Magnetic RE₂NiMnO₆ double-perovskites: thin films and superlattices

The double-perovskite RE₂NiMnO₆ (RE= rare earth) family is characterized for being insulating ferromagnets, an unusual combination of properties. Ferromagnetism arises through oxygen-mediated superexchange in the rock salt-ordered Ni/Mn sublattice. The Curie Temperature of La₂NiMnO₆ is T_c=280K, and for the other members of the family T_c decreases linearly with the size of the ionic radius of the RE [1].

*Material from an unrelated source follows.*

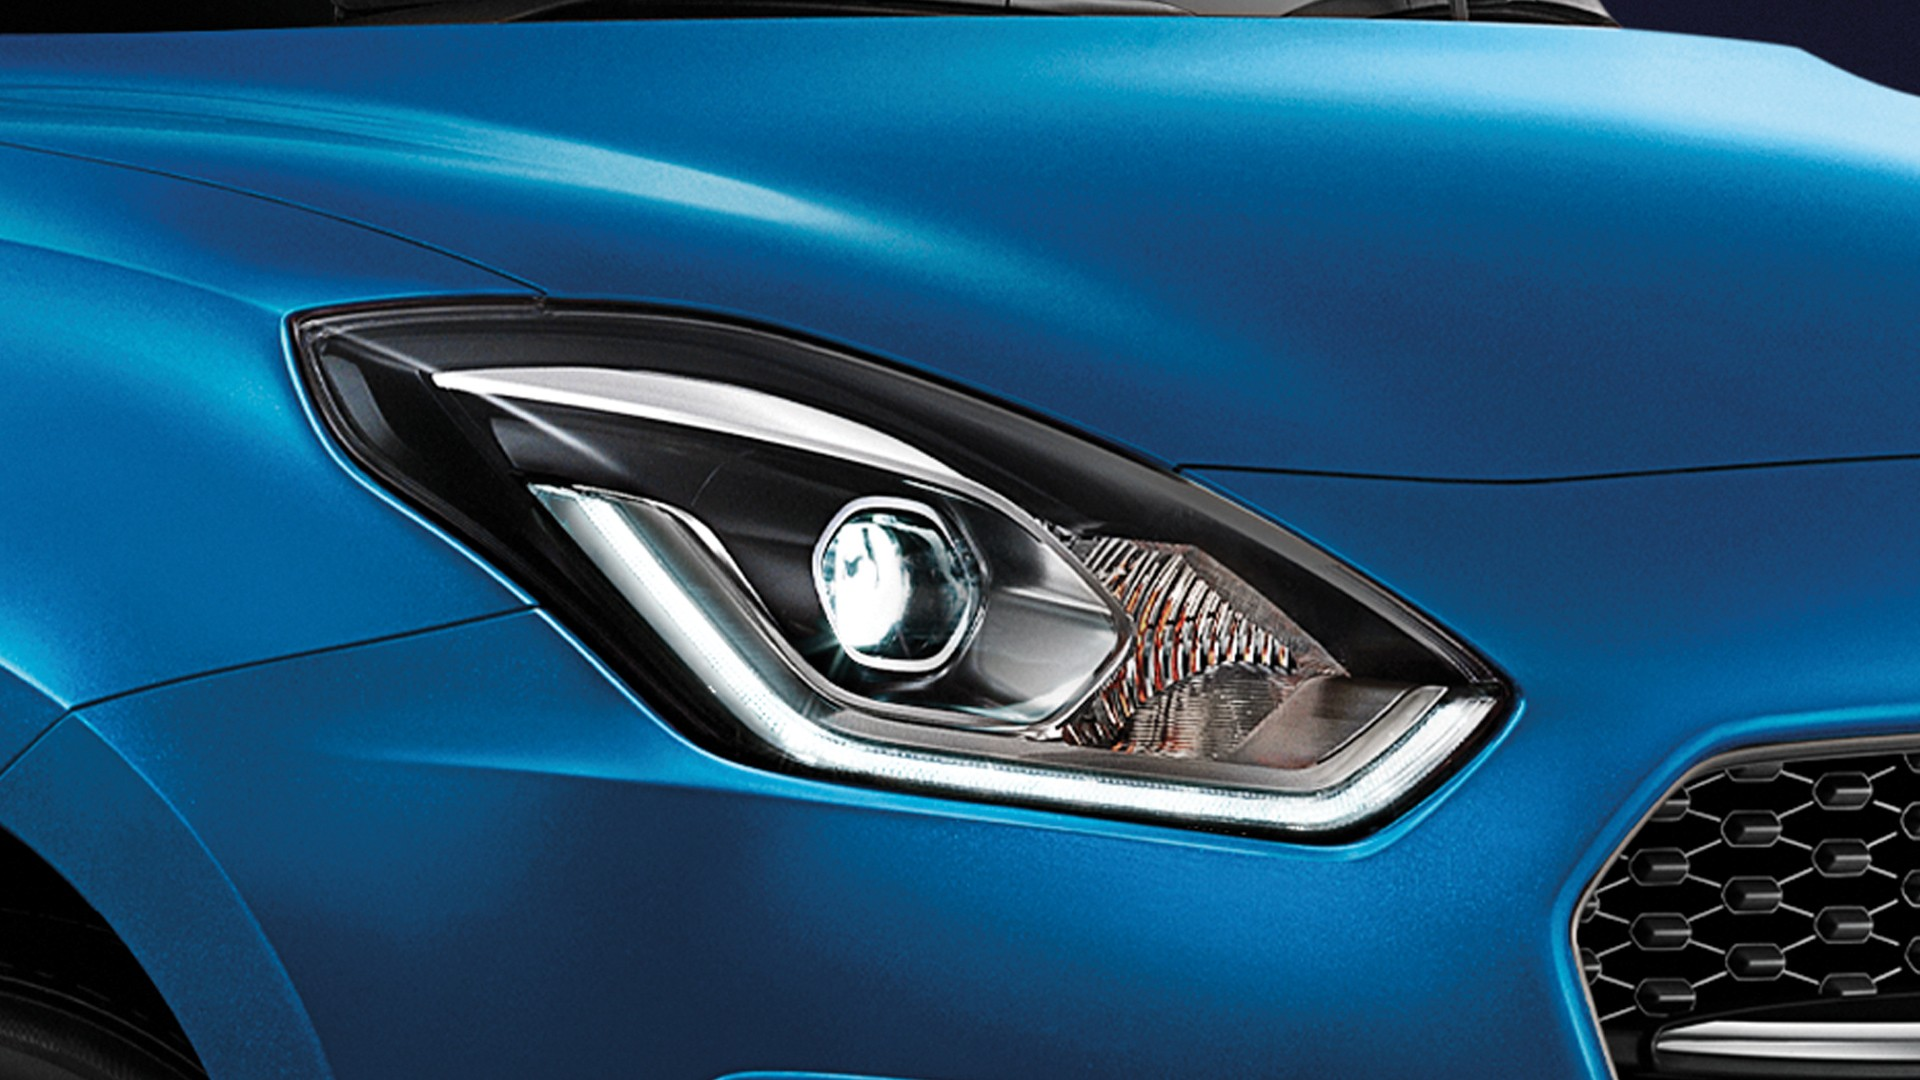 New Suzuki Swift ไฟหน้า LED โปรเจคเตอร์ พร้อม Daytime Running Light

Here we will show that epitaxial RE₂NiMnO₆ films (RE=La, Nd, Sm), grown by off-axis RHEED magnetron sputtering, display long-range Ni²⁺ and Mn⁴⁺ order and strain-independent bulk-like T_C at a thickness of 30 unit cells [2,3]. We find that the ferromagnetic behavior occurs down to ultra-low thicknesses of (at least) 3 unit cells (~1.2 nm). However, below 10 unit cells, the magnetic properties deteriorate due to an interfacial charge transfer caused by the polar discontinuity at the RE₂NiMnO₆/SrTiO₃ interface [3,4]. For the case of Nd₂NiMnO₆, a detailed x-ray magnetic circular dichroism (XMCD) study allows us to separate the magnetic components into a robust ferromagnetic Ni/Mn sublattice and a paramagnetic Nd sublattice [3].

We will also present our latest efforts in combining different RE₂NiMnO₆ double perovskites into potential multiferroic artificially-layered superlattices as predicted by first principles [5].